To choose the request you need to first look at where you expect the RSS to be. Figuring that out is potentially tricky, as illustrated above. Your RSS may grow when more load is applied, or it may be more configuration and tuning driven (finding the right tuning settings can have their own complexities and struggles that vary from process to process).
For example, you find through iterative testing your JVM needs a 512M Xmx. On top of that is native memory, bringing your RSS to around 700MiB on average. I would start by setting the request to 700MiB, and limit at 900MiB. Usually you can expect the usage to be around the 700MiB, but you don’t want to be OOM killed for the occasional spike. If however this container was doing file IO, I would start with a 1400MiB request and limit and adjust from there based on the IO needs.
How Do You Scale?
Ultimately, choosing the right request size comes down to how much work you want each container to handle. Do you horizontally or vertically scale? Both?
For example, lets say you have a container that processes incoming metrics (not a database). Through iterative testing and tuning you find that each container can handle around 1 million metrics per minute at a reasonable size. You measure the usage to be 500MiB, add a buffer and set the limit to 700MiB and you’re done! Now if you want to do 2 million metrics per minute, which is easier? Scale up the pods? Or reconfigure all of the memory settings and redeploy a larger pod? Definitely the horizontal scale!
Note, despite the marketing, horizontal scale is NOT a given in the Cloud. It must be build into your architecture and data structures. Partitioning and division of work is key to allowing work to be spread across pods, including ultimately the database level (where most of the problems originate). Just because you scale up your pods does not mean you have horizontal scale!
Achieving Balance
The trick is getting the balance just right. Each container will have some base memory cost when you deploy it idle, some more than others. If you set your desired load per container too small, you can end up with a lot of waste as you scale out, duplicating the base cost over and over to dozens or hundreds of containers. On the flip side, if you set your desired per container unit of work too large, your smaller deployments that may need a fraction of that unit will be oversized.

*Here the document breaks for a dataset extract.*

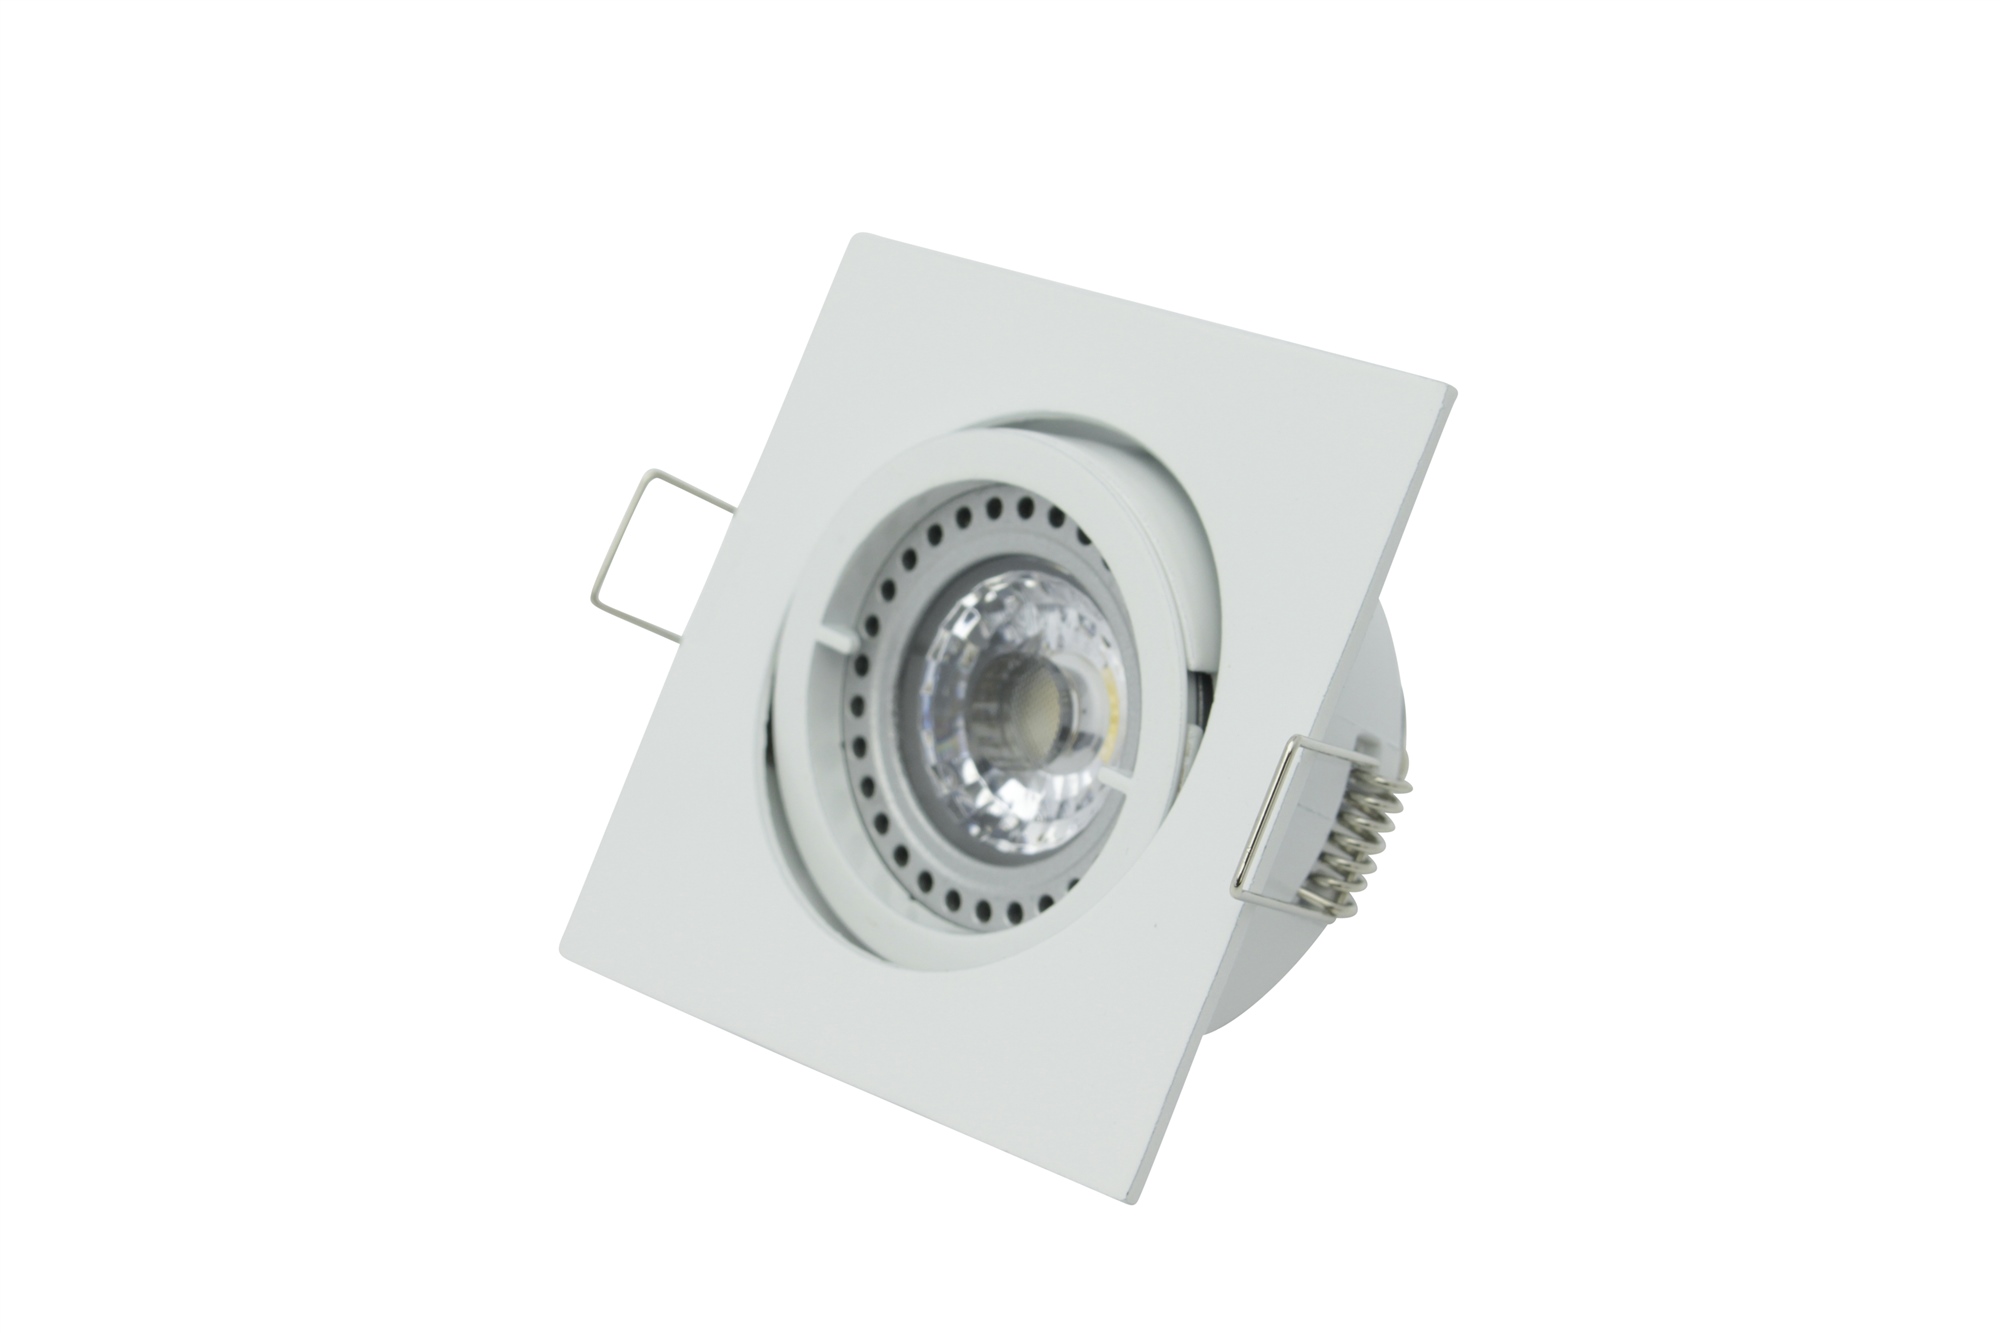 Lampenlux LED-Einbaustrahler Spot Snap eckig weiß schwenkbar 8.2x8.2cm 12V MR16 rostfrei Aluminium

To achieve this balance, build into your deployments the ability to choose between vertical size classes. Once the selected vertical capacity is exhausted or inefficient, horizontally scale from there. Since CPU is usually driven up and down by workload levels more than memory, it is usually a better metric to drive your scale up and down decisions. But that is another topic for another day.
Workload Complexity Disclaimer
In the examples above, a BIG assumption is made: your workload characteristics are predictable. The only time this is true is in PowerPoint.
In reality, workloads have their own complexities and consideration that start to make our cockpit even more like a Saturn V than a toddlers play car.
Your container handles 1 million metrics per minute, great! What do those metrics look like? How big are the tags and strings on the metrics? What is the cardinality and distribution of the data? What are your retention settings? These can have ENORMOUS impacts on the results by exponential orders of magnitude. Tweak one setting on the input and suddenly your nice 500Mi becomes 5,000Mi.
Again, another topic for another day. Just keep in mind that your sizing must take into account a workload that realistically covers all of the permutations you need to cover. An “average” workload is a great start, but cannot be the only one considered.